Dataset records Start Marker
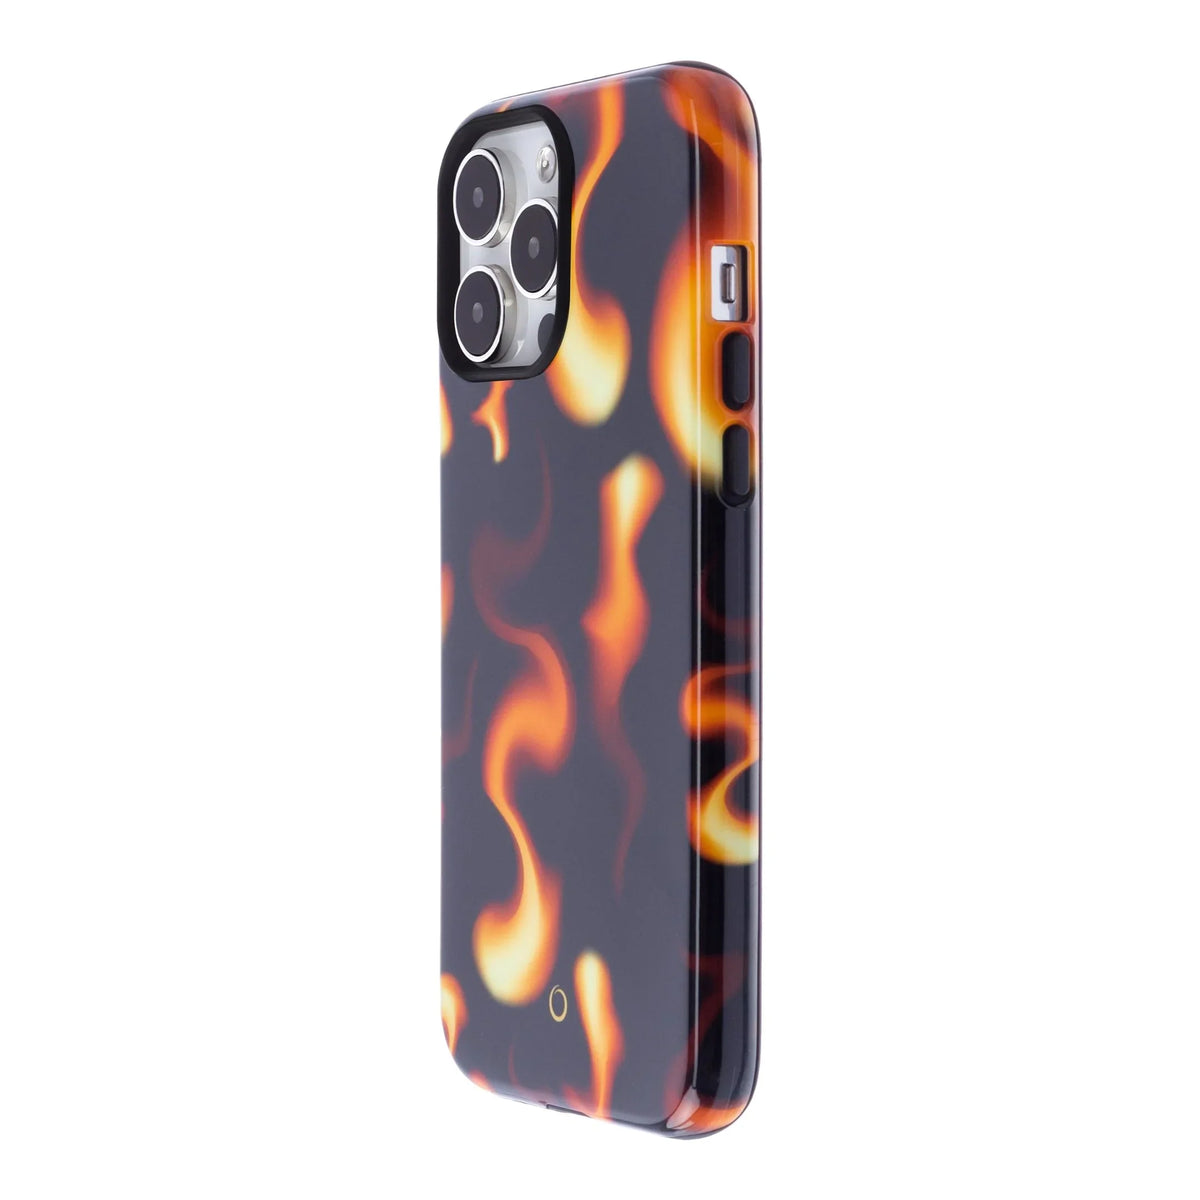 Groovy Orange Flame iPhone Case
Dataset records End Marker
Dataset records Start Marker
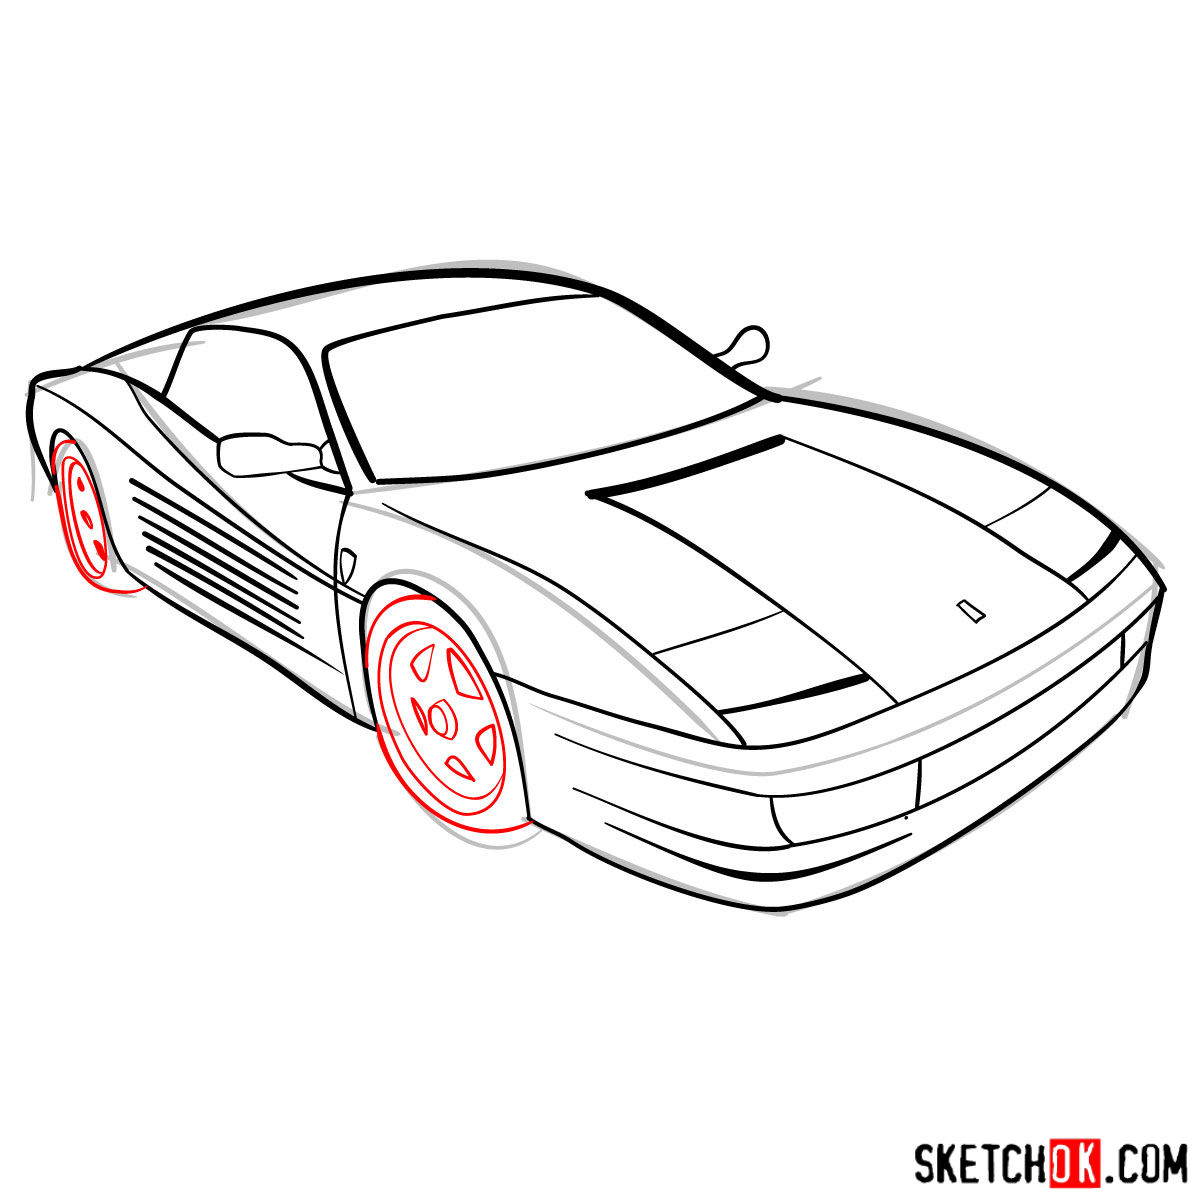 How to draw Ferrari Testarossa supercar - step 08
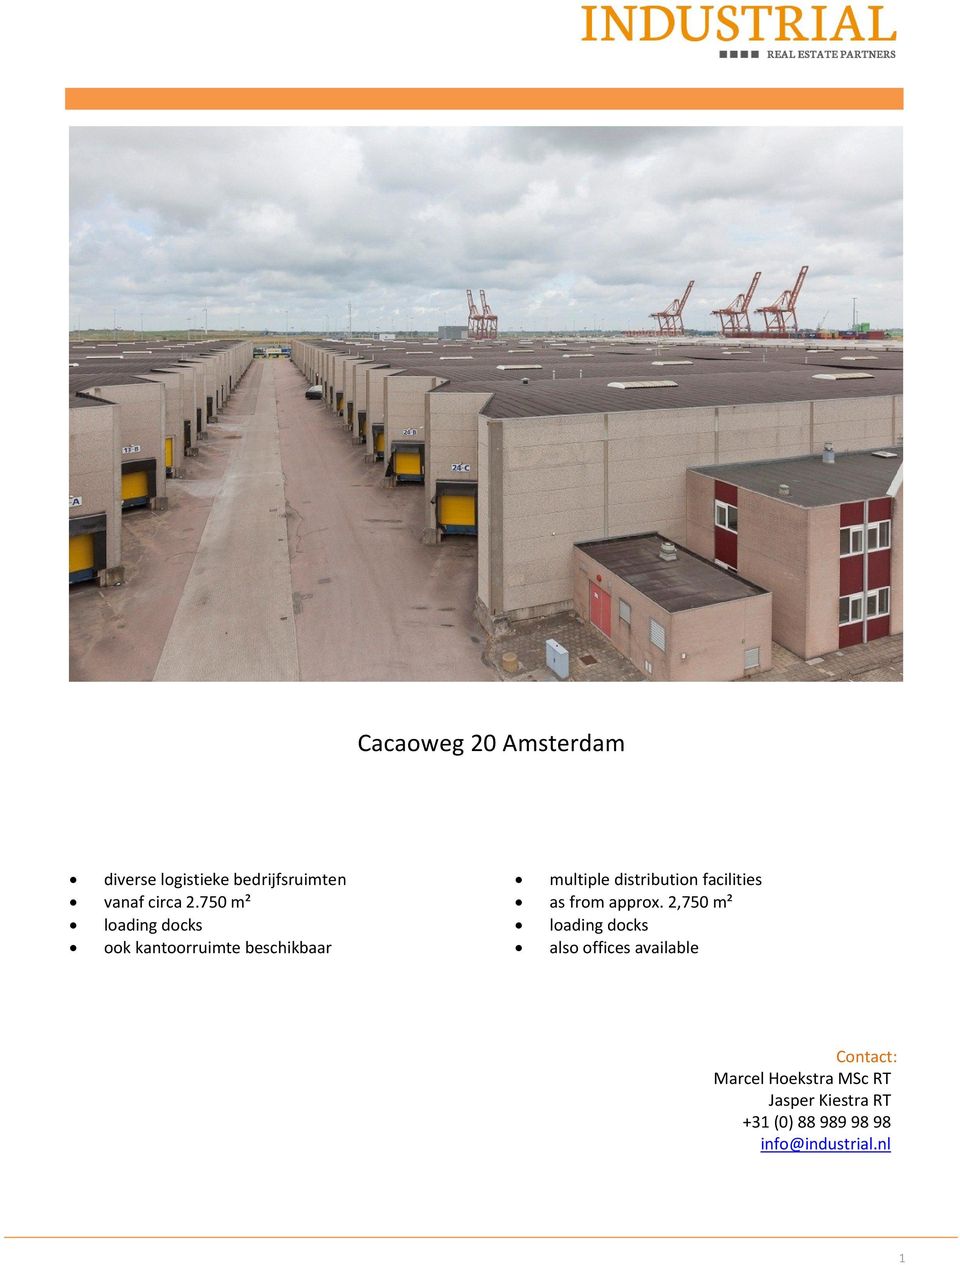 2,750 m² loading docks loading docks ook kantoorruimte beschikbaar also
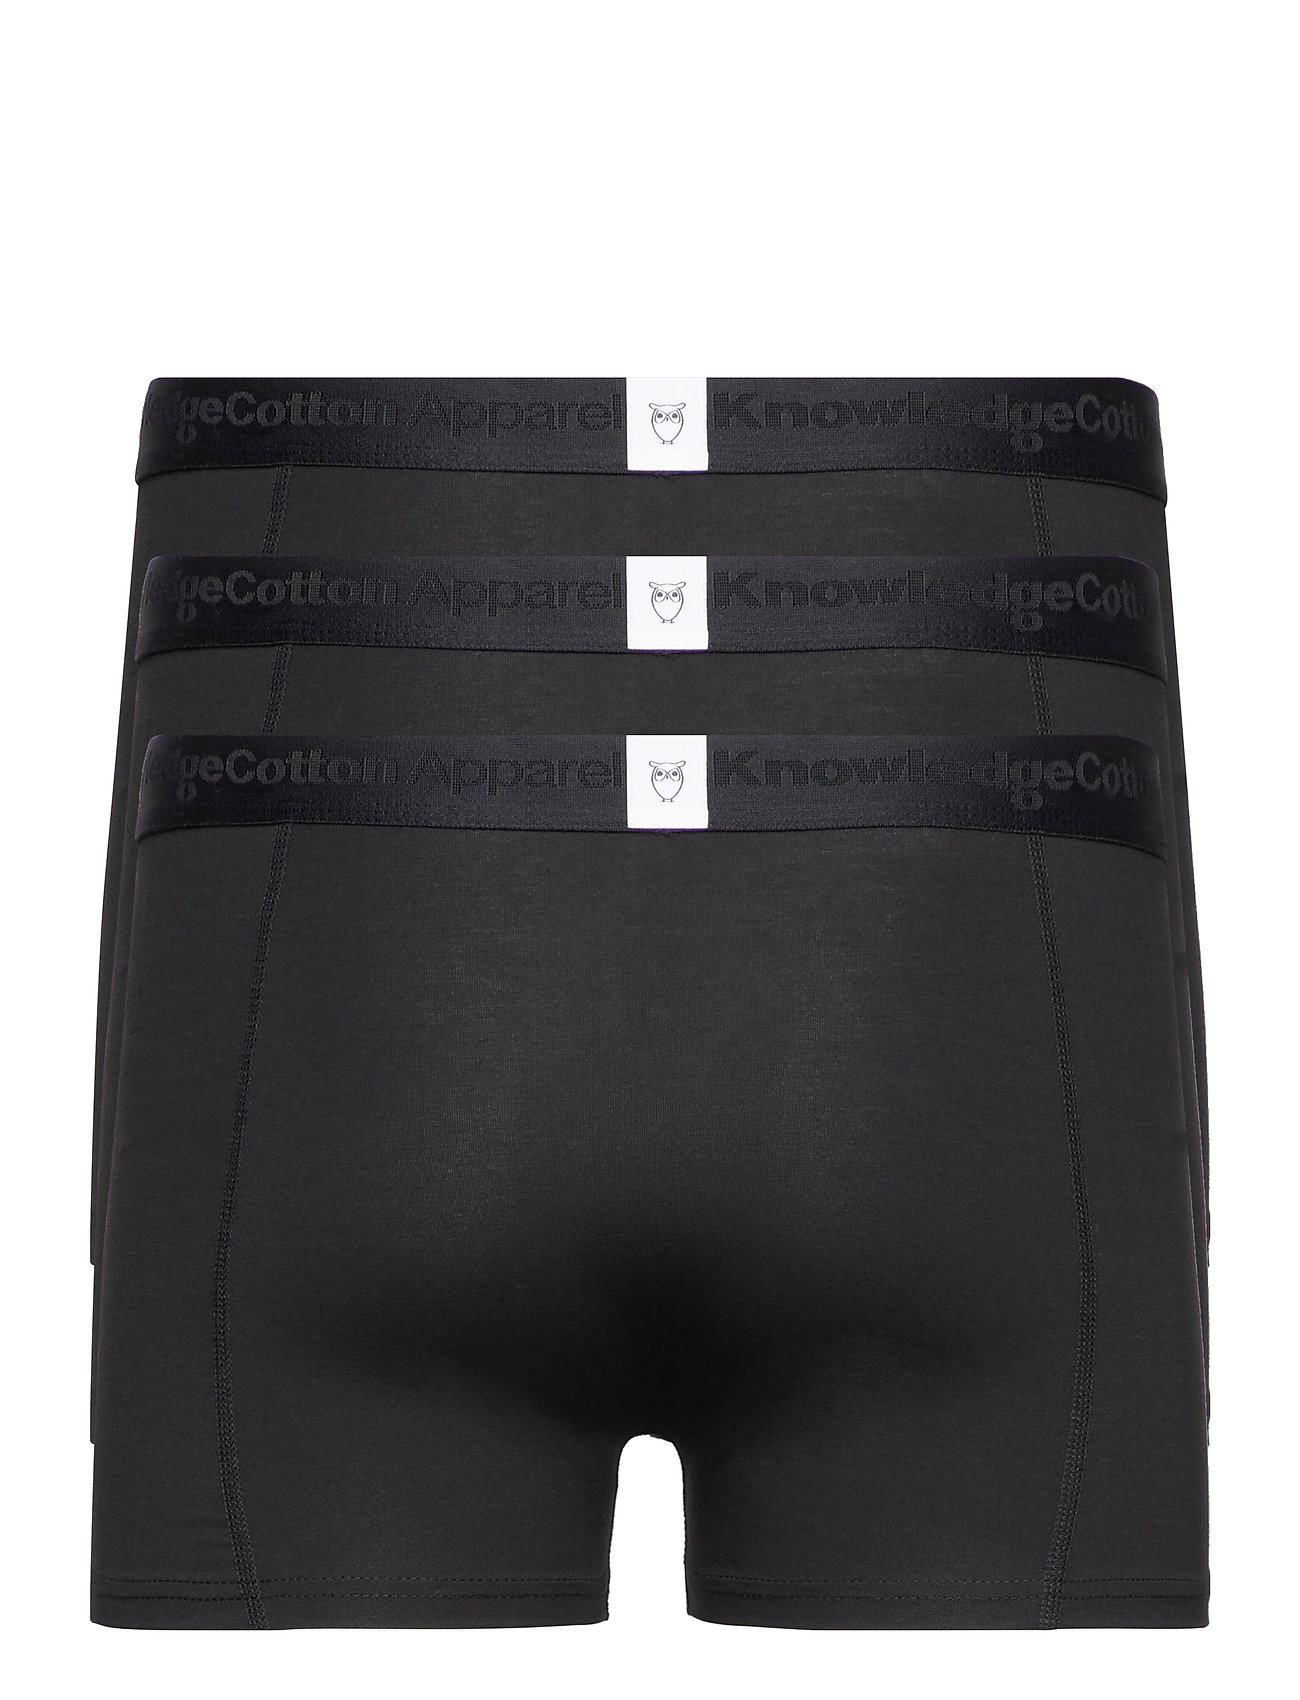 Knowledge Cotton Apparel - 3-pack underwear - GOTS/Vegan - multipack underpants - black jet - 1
Dataset records End Marker
Using the data above, print only the lines starting at the one with "2,750 m² loading" and ending at the one with "Knowledge Cotton Apparel", exactly as they stand, minus the pictures.

 2,750 m² loading docks loading docks ook kantoorruimte beschikbaar also
 Knowledge Cotton Apparel - 3-pack underwear - GOTS/Vegan - multipack underpants - black jet - 1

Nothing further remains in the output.